• _Work item_
From the records below, print only the part that opens with the line containing "Senior photographs with" and closes with the line containing "Nemichand Jewels Pure"; omit the pictures.

• _Source records_
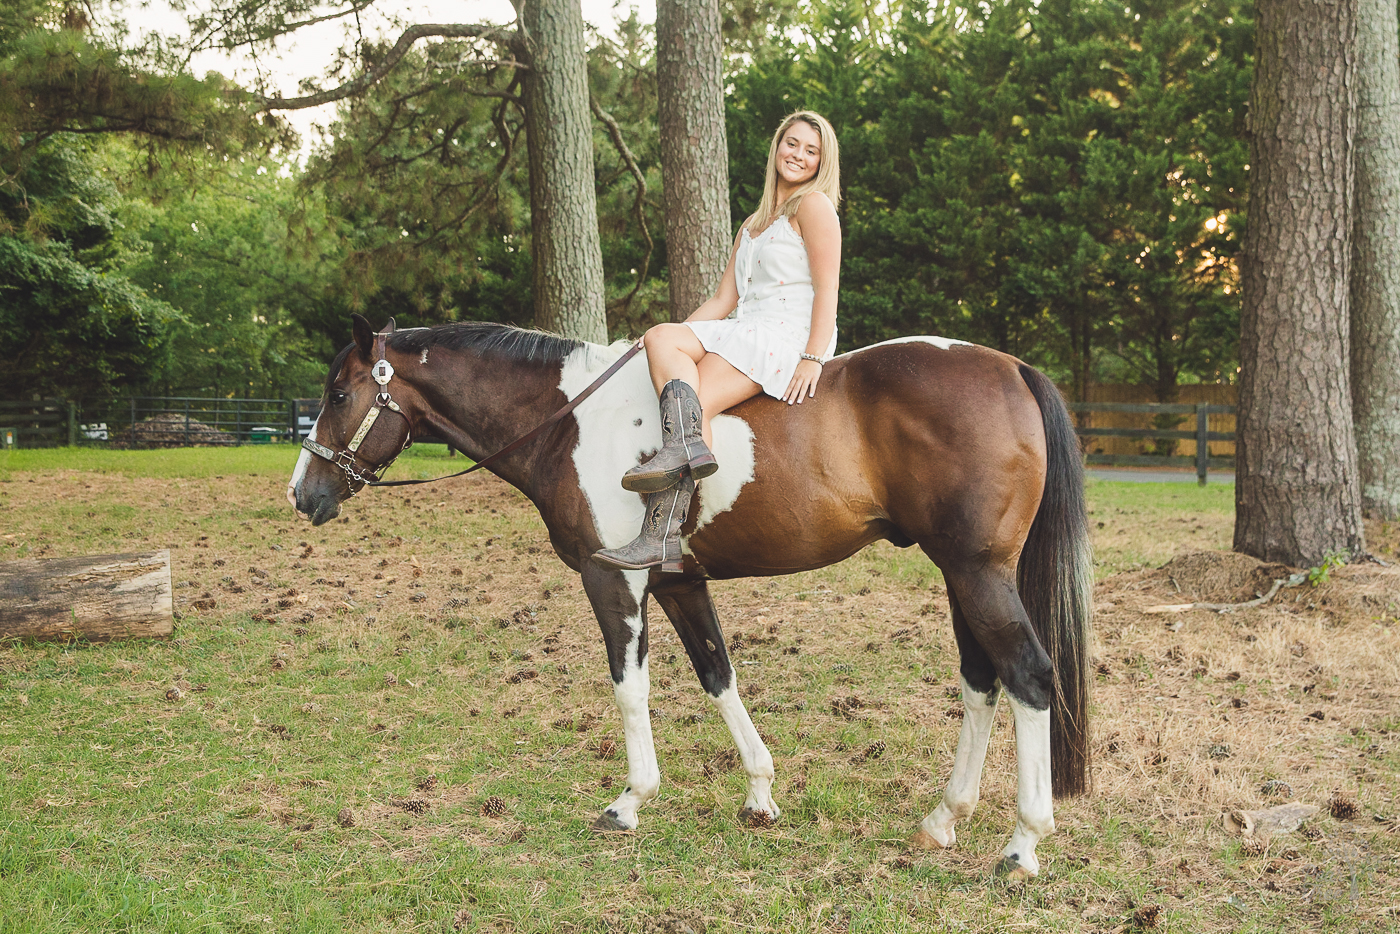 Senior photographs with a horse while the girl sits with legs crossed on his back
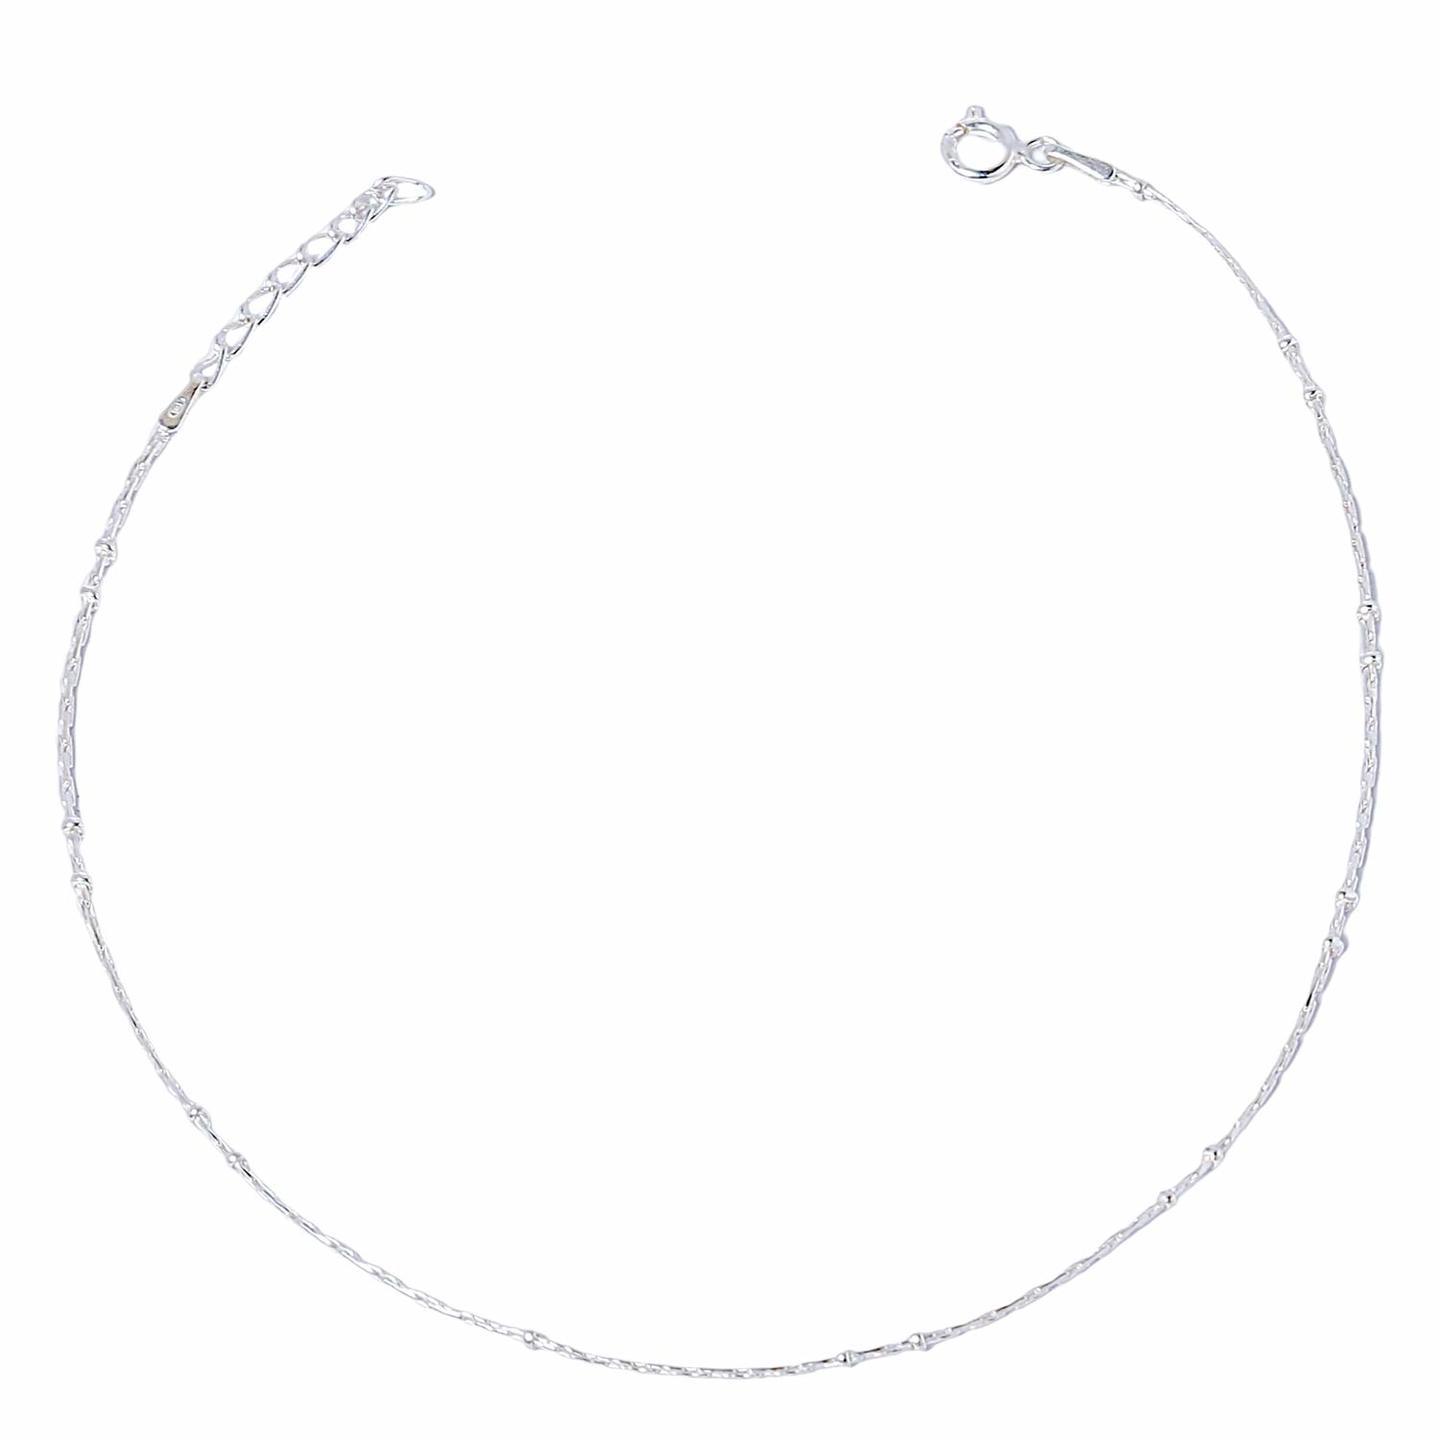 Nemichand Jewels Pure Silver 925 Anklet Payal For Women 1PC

...

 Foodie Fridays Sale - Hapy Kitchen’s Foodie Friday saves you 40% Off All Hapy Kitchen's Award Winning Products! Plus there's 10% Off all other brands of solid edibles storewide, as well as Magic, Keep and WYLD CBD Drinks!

• _Reply to the task_
 Senior photographs with a horse while the girl sits with legs crossed on his back
 Nemichand Jewels Pure Silver 925 Anklet Payal For Women 1PC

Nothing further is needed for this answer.